Because linear subspaces are special sets, we can apply the known operations on sets to linear subspaces. The intersection of two linear subspaces yields a linear subspace, but the union, in general, does not. In order to be able to discuss the smallest linear subspace containing two linear subspaces, we introduce the notion of sum of two linear subspaces.
The sum of two linear subspaces #X# and #Y# of a vector space #V#, denoted as #X+Y#, is the set of all vectors of the form #\vec{x}+\vec{y}# for #\vec{x}\in X# and #\vec{y}\in Y#.
The vector space #\mathbb{R}^2# is the sum of the #x#-axis and the #y#-axis:
\[\mathbb{R}^2 = \{\rv{\lambda,0}\mid \lambda\in \mathbb{R}\}+\{\rv{0,\mu}\mid \mu\in \mathbb{R}\}\]
In the same way, we can define sums of more than two subsets of #V#. For instance, \[\mathbb{R}^3 = \{\rv{\lambda,0,0}\mid \lambda\in \mathbb{R}\}+\{\rv{0,\mu,0}\mid \mu\in \mathbb{R}\}+\{\rv{0,0,\nu}\mid \nu\in \mathbb{R}\}\]
If the subsets are linear subspaces, then so is their sum:
Let #U# and #W# be linear subspaces of a vector space #V#.
The following two subsets of #V# are linear subspaces:
- The sum #U+ W# is equal to the span #\linspan{U\cup W}# of #U# and #W#. This is the smallest linear subspace of #V# containing both #U# and #W#.
- The intersection #U\cap W# of #U# and #W# is a linear subspace of #V#. It is the largest linear subspace contained in both #U# and #W#.
Because of the definition of span, #U+W# is contained in #\linspan{U\cup W}#. On the other hand #U+W# is a linear subspace of #V#:
Any linear combination of two vectors from #U+W# is again a vector in #U+W#: if #u_1#, #u_2\in U# and #w_1#, #w_2\in W#, and #\alpha#, #\beta# are scalars, then
\[\alpha\cdot \left(u_1+w_1\right) +\beta\cdot \left(u_2+w_2 \right) = \left(\alpha\cdot u_1+\beta\cdot u_2\right) +\left(\alpha\cdot w_1 +\beta\cdot+w_2 \right)\]
is the sum of the vector #\alpha\cdot u_1+\beta\cdot u_2# of #U# and vector #\alpha\cdot w_1 +\beta\cdot+w_2# of #W#.
Moreover, #0= 0+0# belongs to #U+W#.
Because #U+W# is a linear subspace of #V# that contains #U# (each element #u# of #U# can be written as #u+0\in U+W#), and (likewise) #W#, it contains #\linspan{U\cup W}#. Because #U+W# is also contained in #\linspan{U\cup W}#, the two subspaces #U+W# and #\linspan{U\cup W}# coincide.
The fact that the intersection #U\cap W# is a linear subspace of #V# has been proven before.

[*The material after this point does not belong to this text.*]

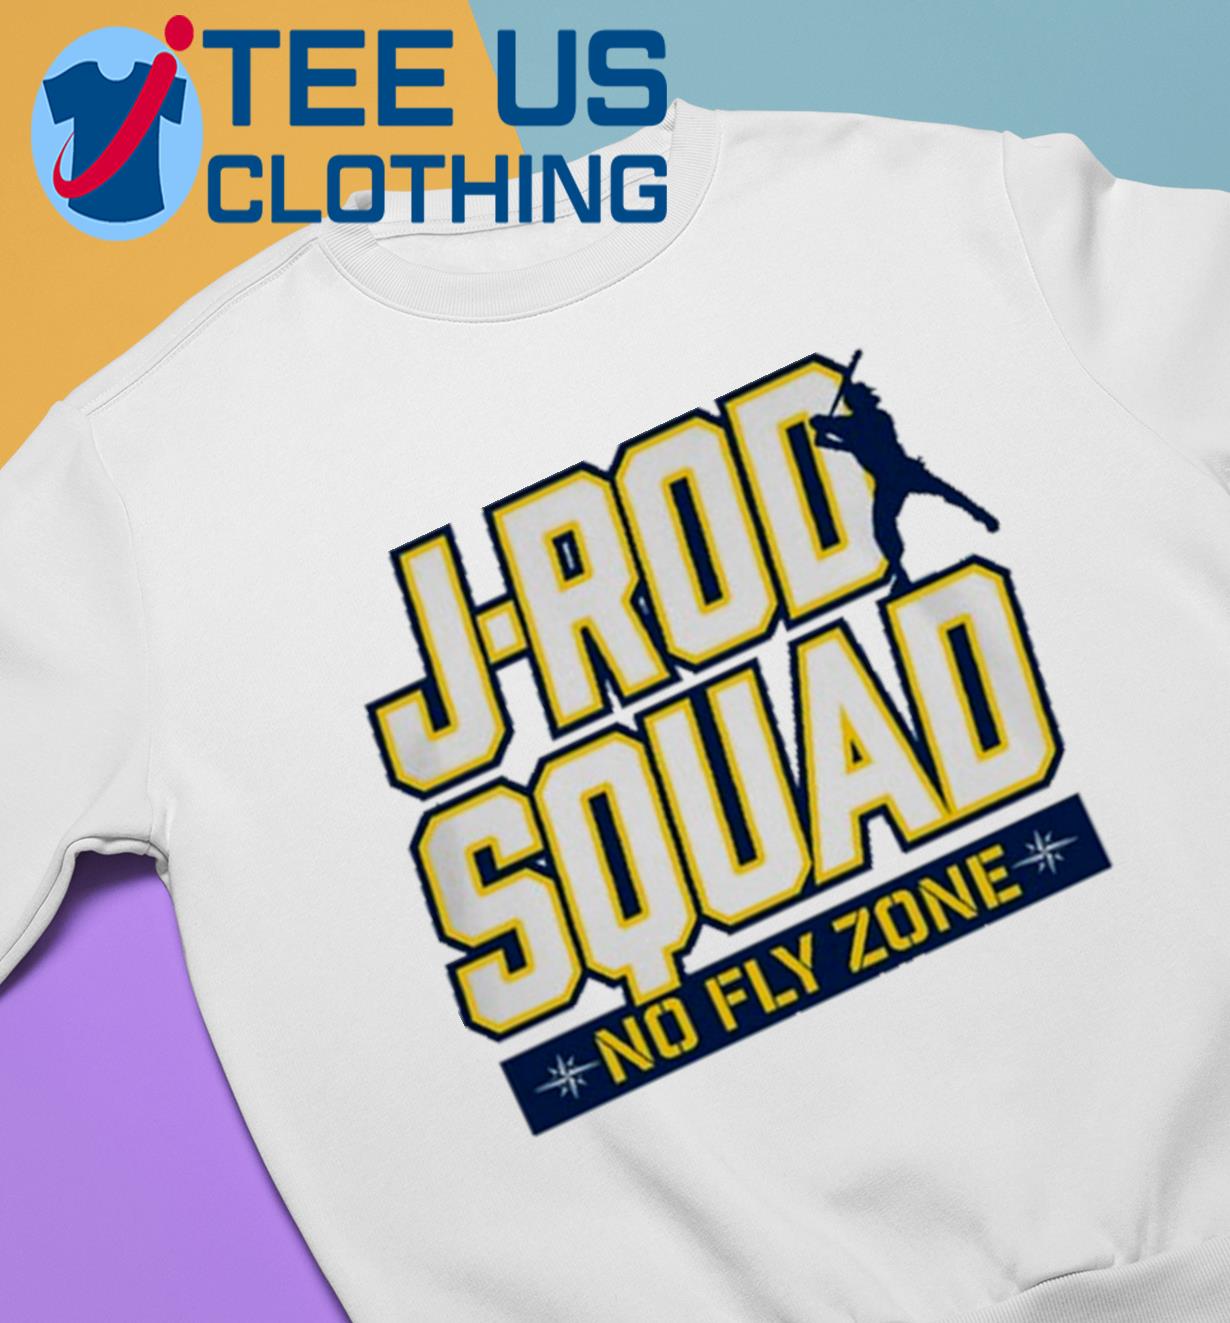 Julio Rodriguez J-Rod Squad No Fly Zone 2023 Shirt, hoodie

If there would be a greater linear subspace contained in both #U# and in #W#, then it would contain a vector outside #U# or outside #W#, a contradiction. Therefore, #U\cap W# is the largest linear subspace contained in both #U# and #W#.
The union #U\cup W# itself is not a linear subspace of #V# unless it is equal to #\{\vec{0}\}#. For example, if we let #V = \mathbb{R}^2# and let #U# be the #x#-axis (the #1#-dimensional linear subspace spanned by #\rv{1,0}#) and #W# the #y#-axis (the #1#-dimensional linear subspace spanned by #\rv{0,1}#), then #U\cup W# is nothing but the union of these two axes, while it is known that together they span the whole space #V#. Specifically: the sum #\rv{1,1}# of the vectors #\rv{1,0}\in U# and #\rv{0,1}\in W# does not belong to #U\cup W#.

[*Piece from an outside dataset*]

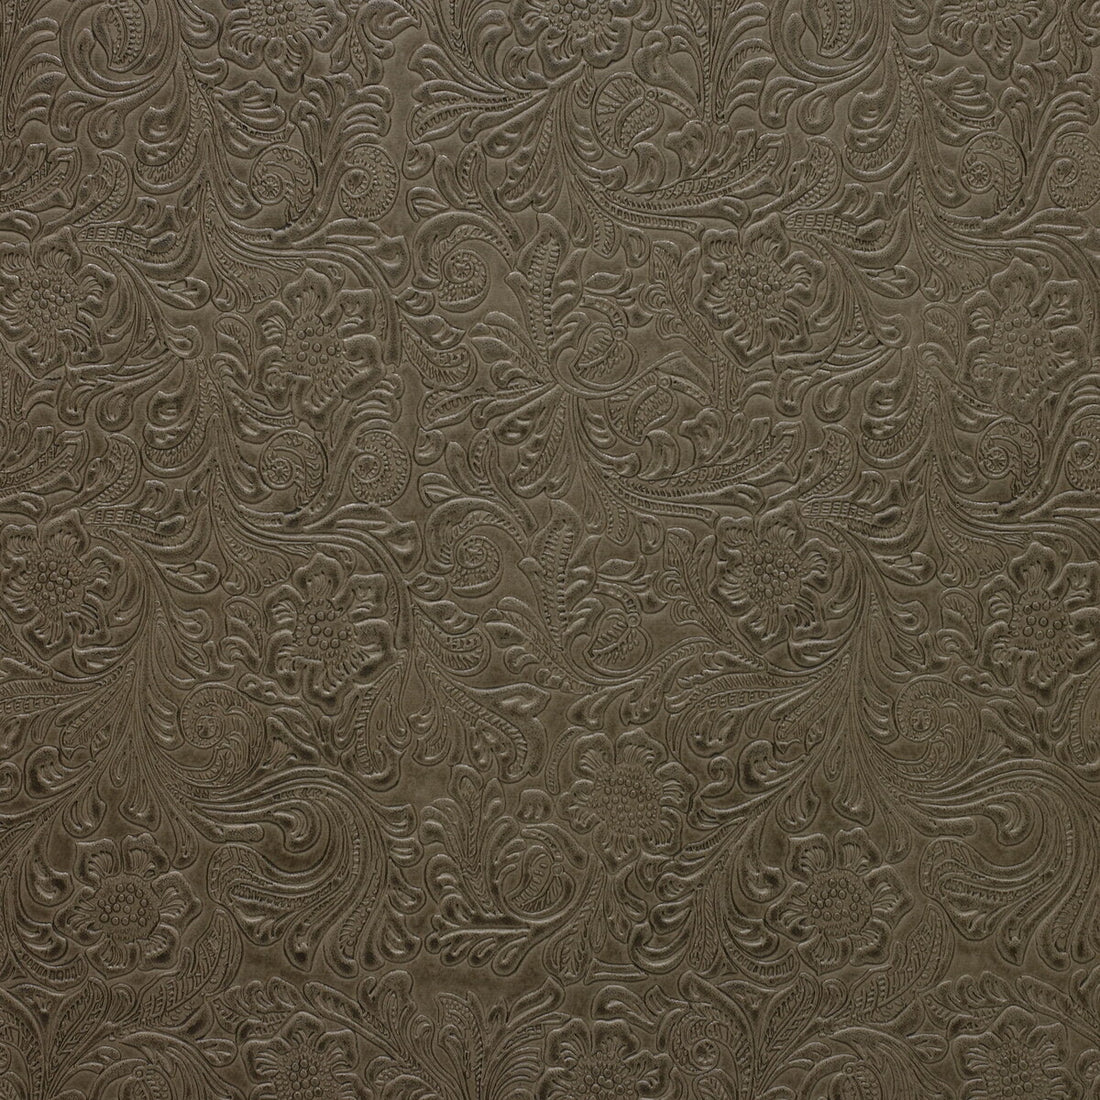 Kravet Design fabric in donahue-106 color - pattern DONAHUE.106.0 - by Kravet Design

Here are some simple but useful properties of sum and average.
Let #U# and #W# be linear subspaces of the vector space #V#.
- If #U\subseteq W#, then #\dim{U}\leq\dim{W}#, with equality if and only if #U=W#.
- \(U\cap W=U\Leftrightarrow U\subseteq W\).
- \(U+W=U\Leftrightarrow W\subseteq U\).
Choose a basis of #U#.
1. According to the Growth criterion for independence, a basis of #U# can be extended to a basis of #W#. As a consequence, #\dim{U}\le\dim{W}#. If #U=W#, it goes without saying that #\dim{U}=\dim{W}#.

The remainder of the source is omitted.